# Cat runs



## silverhorse (Nov 2, 2008)

I have built an indoor and outdoor run for Honey my Persin kitten and I would like to show it to you. She loves being in the cabin which contains the runs for a few hours a day to see the garden as we normally keep her in the house. I thought it may give ideas to other cat owners , Let me know what you think.


----------



## Guest (Nov 9, 2008)

They are really great. I would love to have something like that for my kitten.


----------



## PussyCatNan (Jun 24, 2008)

WOW!! She's even got her own Christmas tree


----------



## colliemerles (Nov 2, 2007)

thats really good, i want a run or something for my kitty,


----------



## lymorelynn (Oct 4, 2008)

That looks really good. Can she get into the house from there?
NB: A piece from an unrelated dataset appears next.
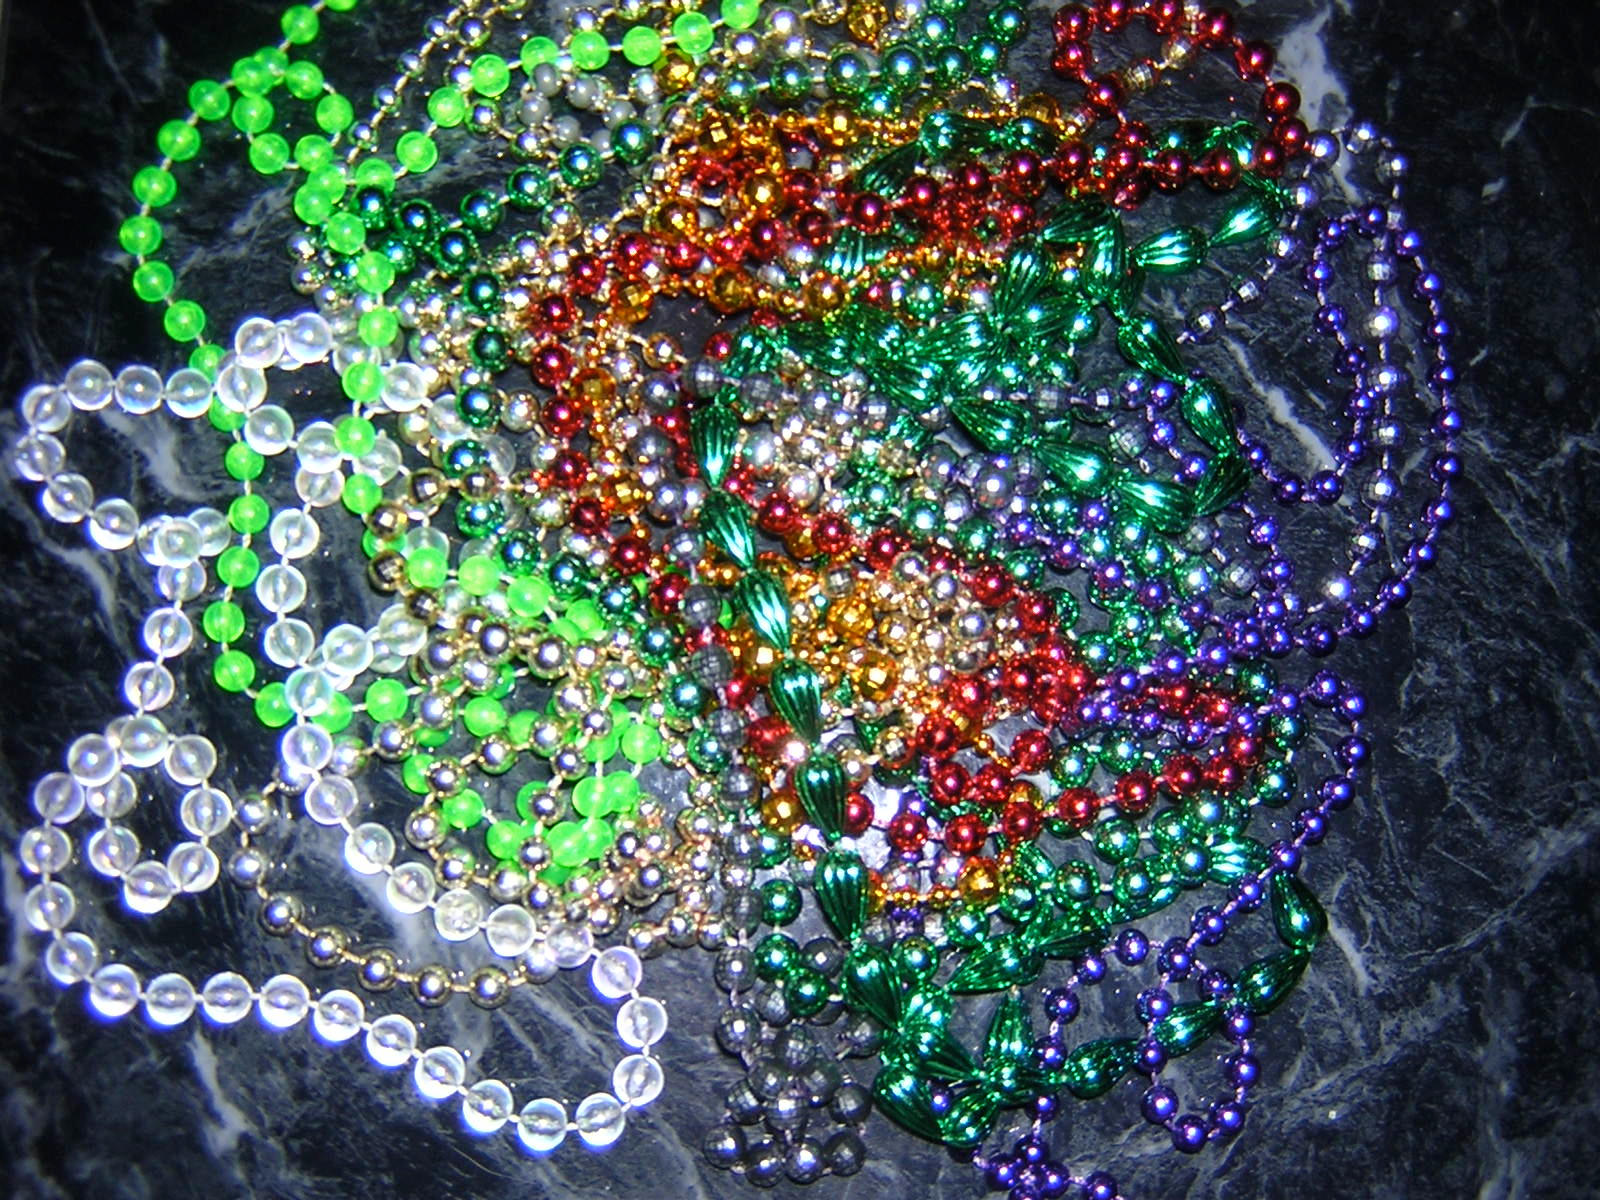 mardi gras beads by SkornedWolfe-stock

I could do with something like that but not sure how we could connect it to the house.
p.s she has the same basket as my Mai Tai.


----------



## silverhorse (Nov 2, 2008)

She cannot get to the house direct but we carry her out in the basket


----------



## grotpop (Nov 23, 2007)

when i built a cat run for my cats(5) i knocked a hole in house and put cat flap in,so they can come and go as they like,


----------



## bee112 (Apr 12, 2008)

That run looks great, I would like something like that.

I've seen some runs that have little tunnels connecting the runs the the house.. lol that would be funny!


----------



## grotpop (Nov 23, 2007)

pic of my cat run


----------



## silverhorse (Nov 2, 2008)

wow that is a large run Fantastic . Is it for just one cat or a few


----------